Return the line that has "Tie on kulkenut" and all lines below it through the last, exactly as they stand; omit pictures.

[Data section Boundary: Start]

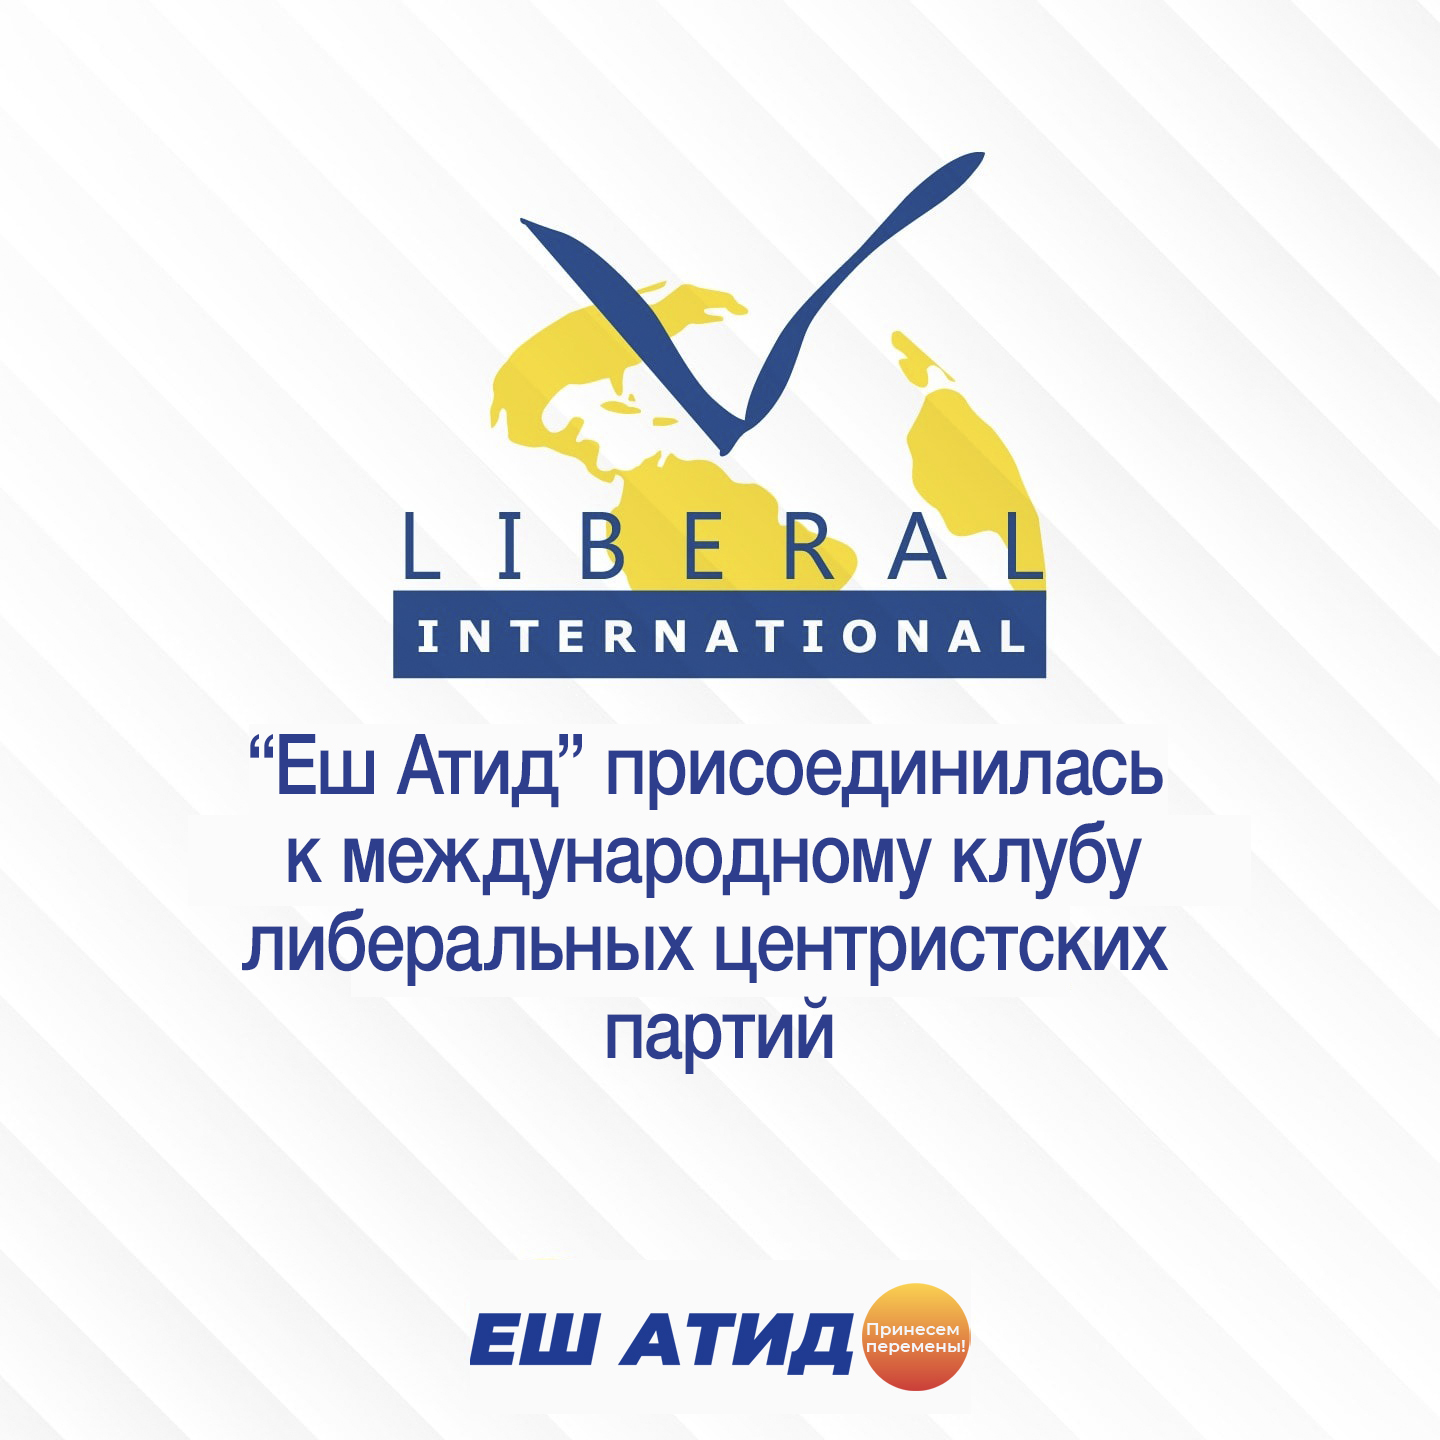 Партия «Еш Атид» была принята в члены LIBERAL INTERNATIONAL – важнейшей международной организации либеральных центристских партий
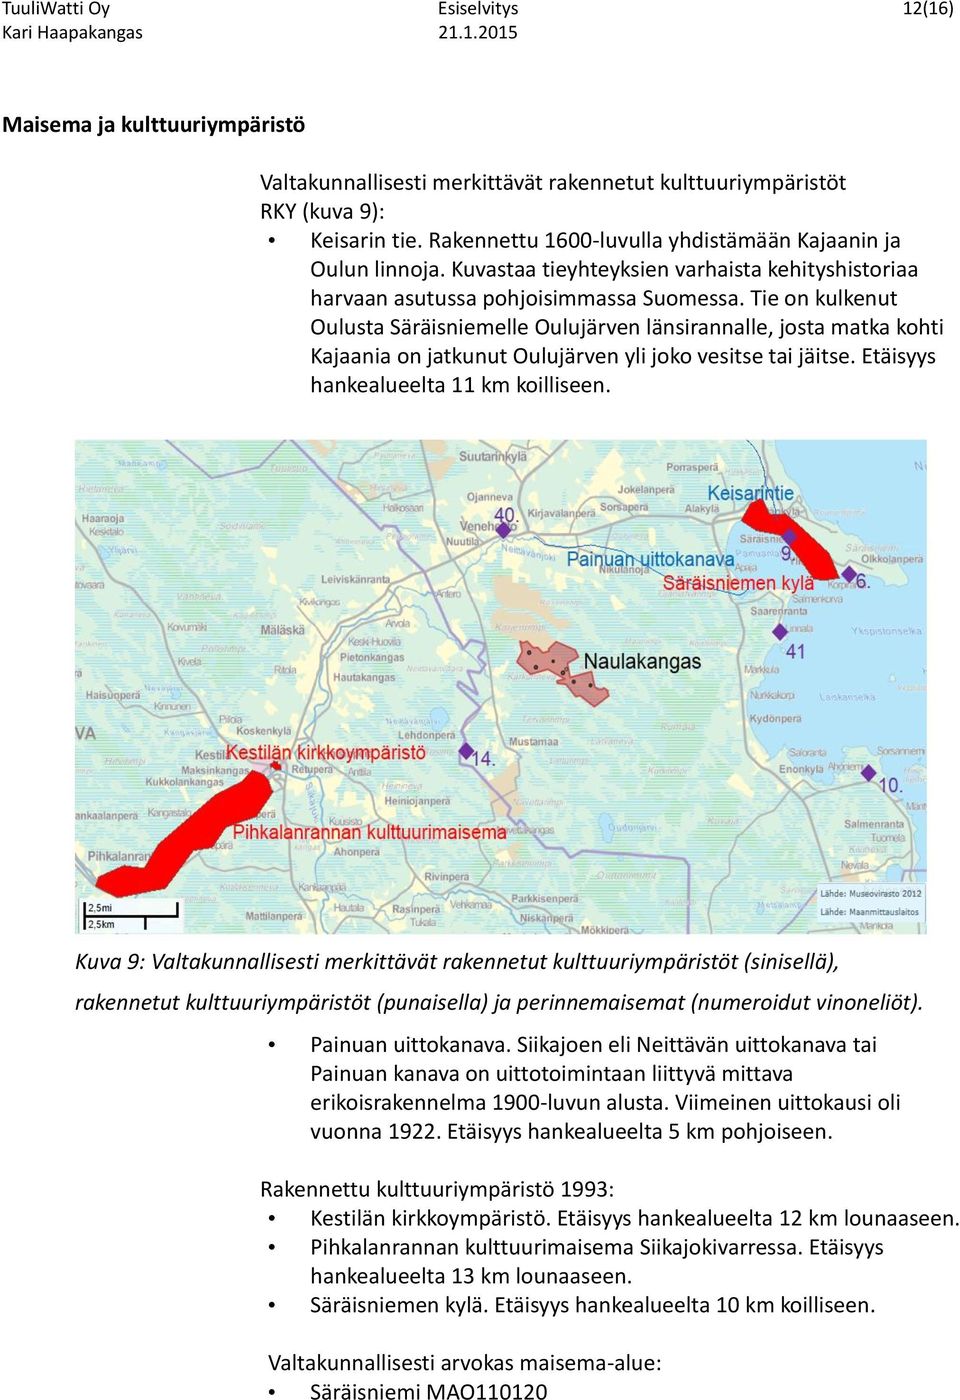 Tie on kulkenut Oulusta Säräisniemelle Oulujärven länsirannalle, josta matka kohti Kajaania on jatkunut Oulujärven yli joko vesitse tai jäitse. Etäisyys hankealueelta 11 km koilliseen.
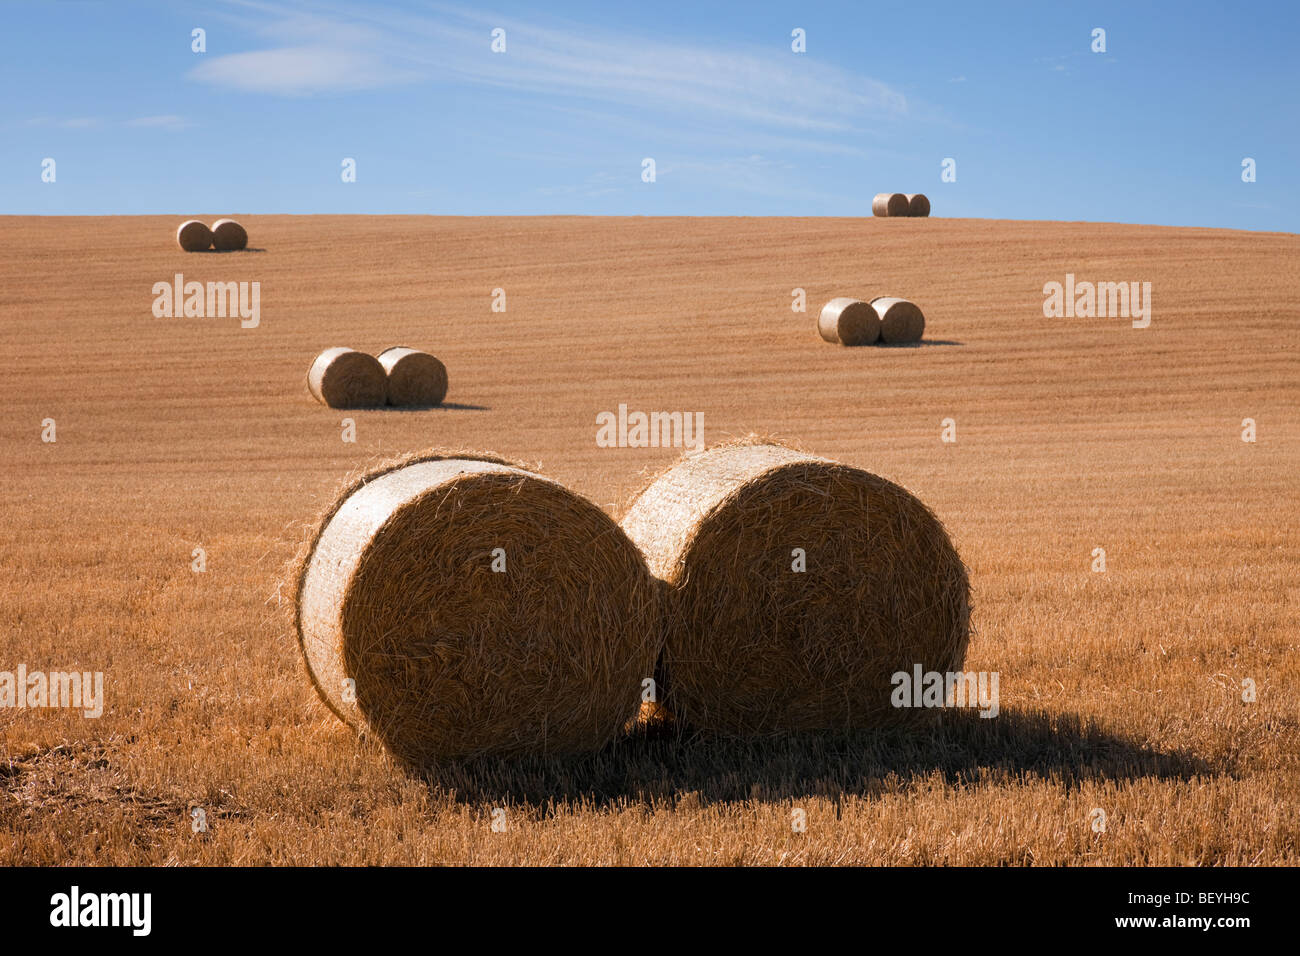 Escenario del país pares de pacas redondas de paja en un campo de trigo cosechado en tierras agrícolas durante la temporada de cosecha de septiembre a finales del verano. Escocia Reino Unido Gran Bretaña Foto de stock

[Data section Boundary: End]

** Reply to the task **
 Tie on kulkenut Oulusta Säräisniemelle Oulujärven länsirannalle, josta matka kohti Kajaania on jatkunut Oulujärven yli joko vesitse tai jäitse. Etäisyys hankealueelta 11 km koilliseen.
 Escenario del país pares de pacas redondas de paja en un campo de trigo cosechado en tierras agrícolas durante la temporada de cosecha de septiembre a finales del verano. Escocia Reino Unido Gran Bretaña Foto de stock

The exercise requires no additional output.